<<<<

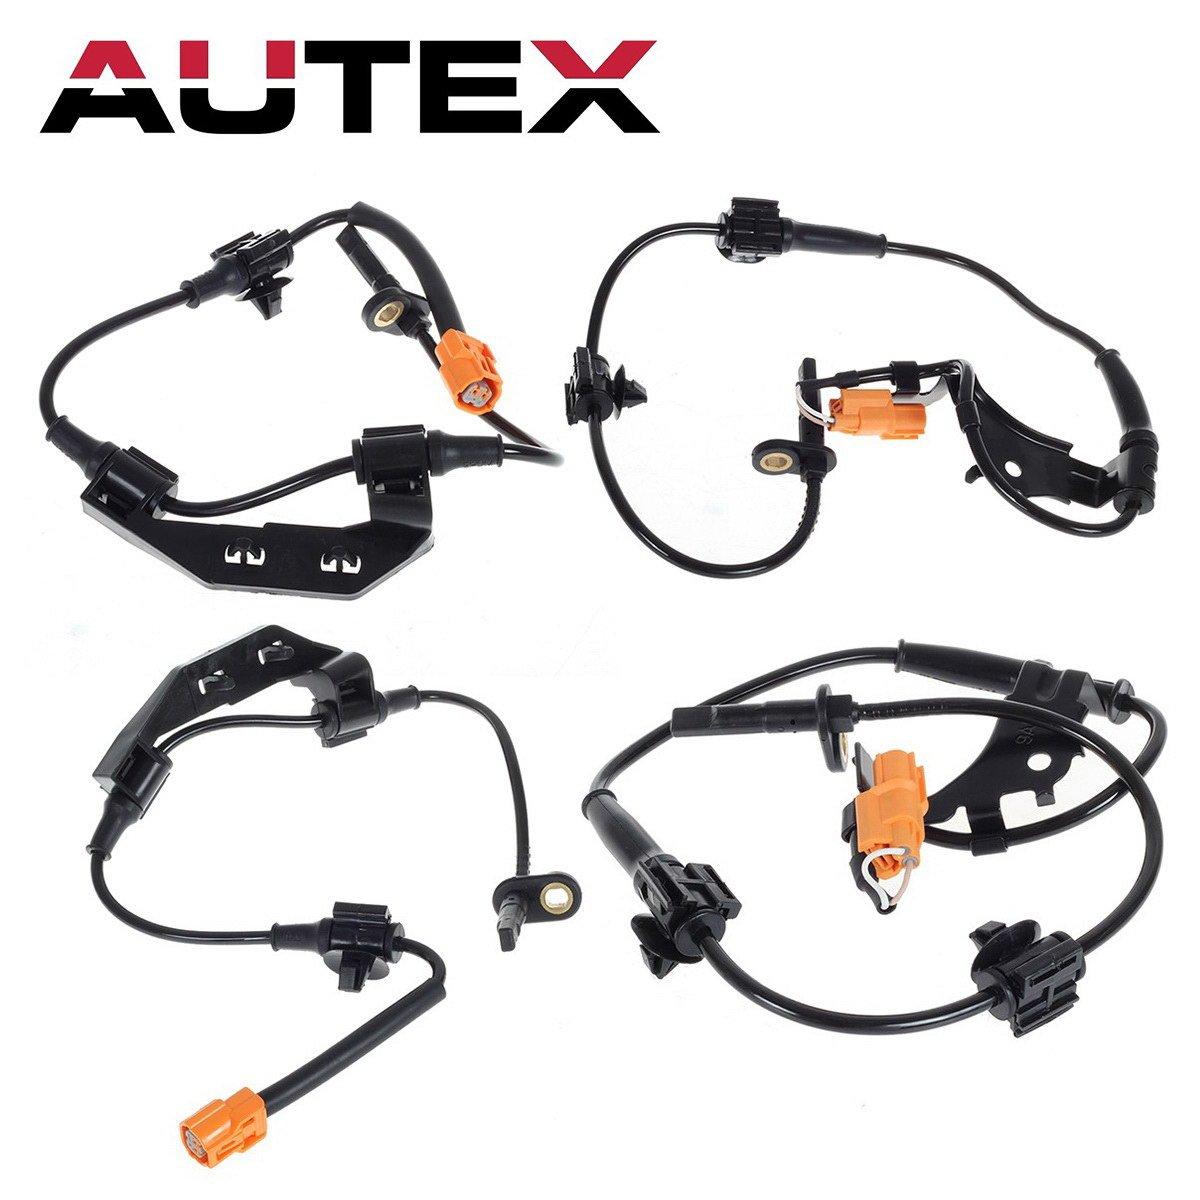 AUTEX 4Pcs ABS Wheel Speed Sensor Rear & Front 57470-S9A-013 ALS1101 compatible with 2002 2003 2004 2005 2006 Honda CRV L4-2.4L
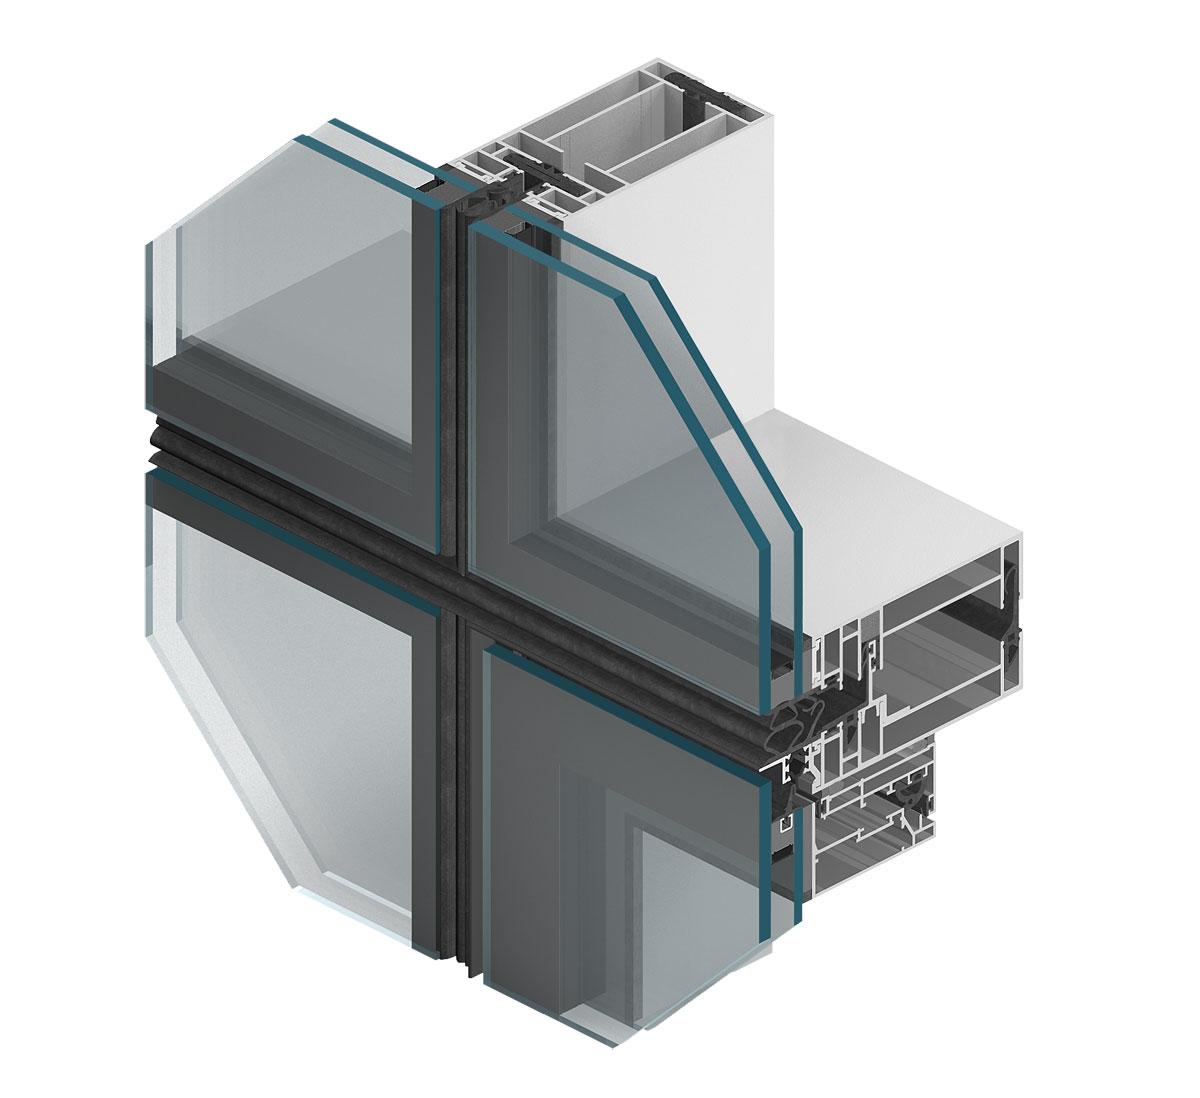 Systém výplňovej prvkovej steny MBSE80.
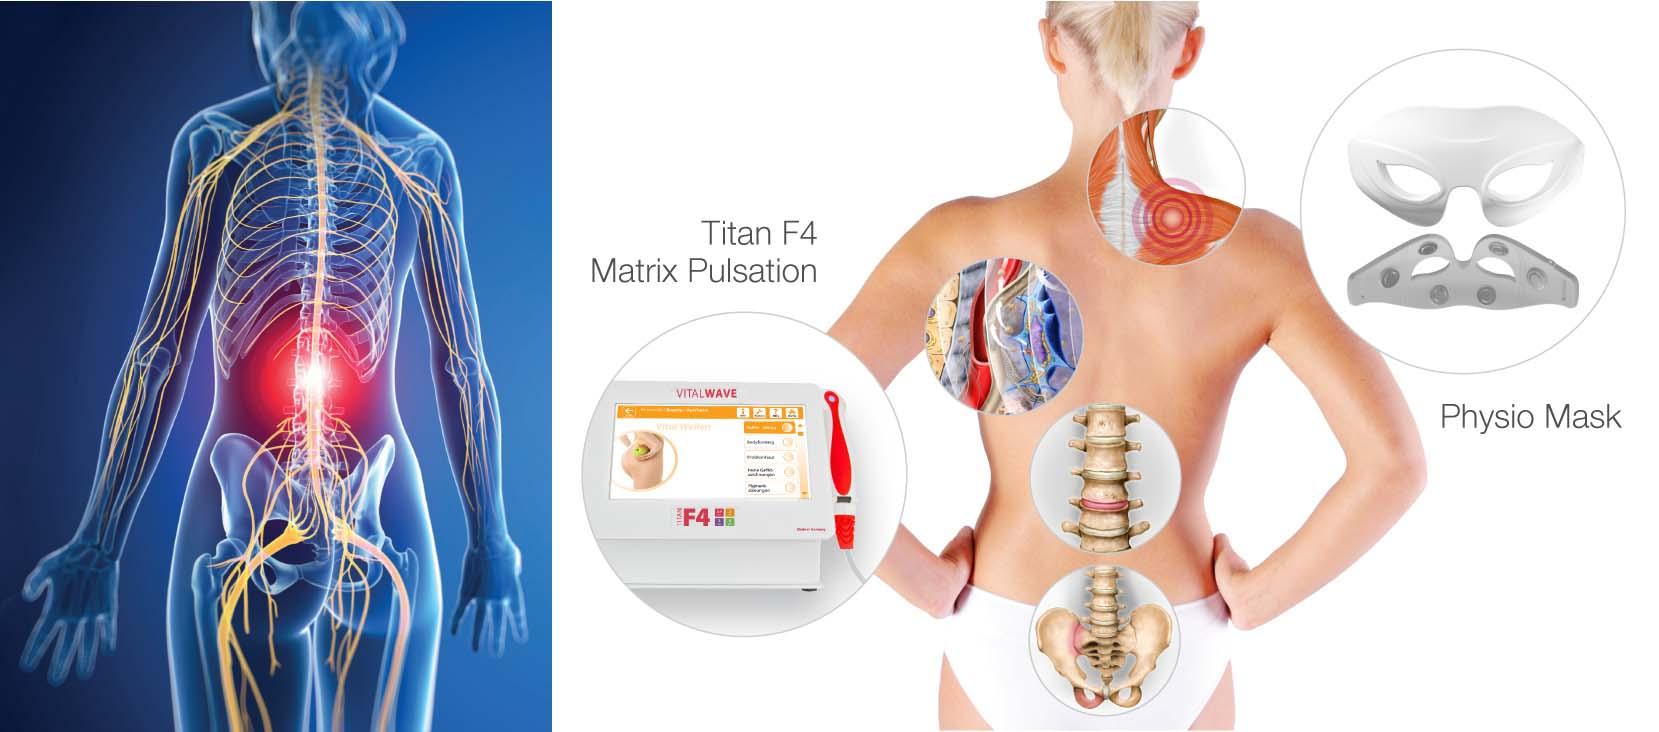 Ziemlich Menschliche Anatomie Und Physiologie Bewertung ...

>>>>

#### WHAT NEEDS TO BE DONE
Once the line holding "Systém výplňovej prvkovej steny MBSE80." is found, copy it and each later line exactly through the end of the data, leaving out the pictures.

#### EXPECTED OUTPUT
 Systém výplňovej prvkovej steny MBSE80.
 Ziemlich Menschliche Anatomie Und Physiologie Bewertung ...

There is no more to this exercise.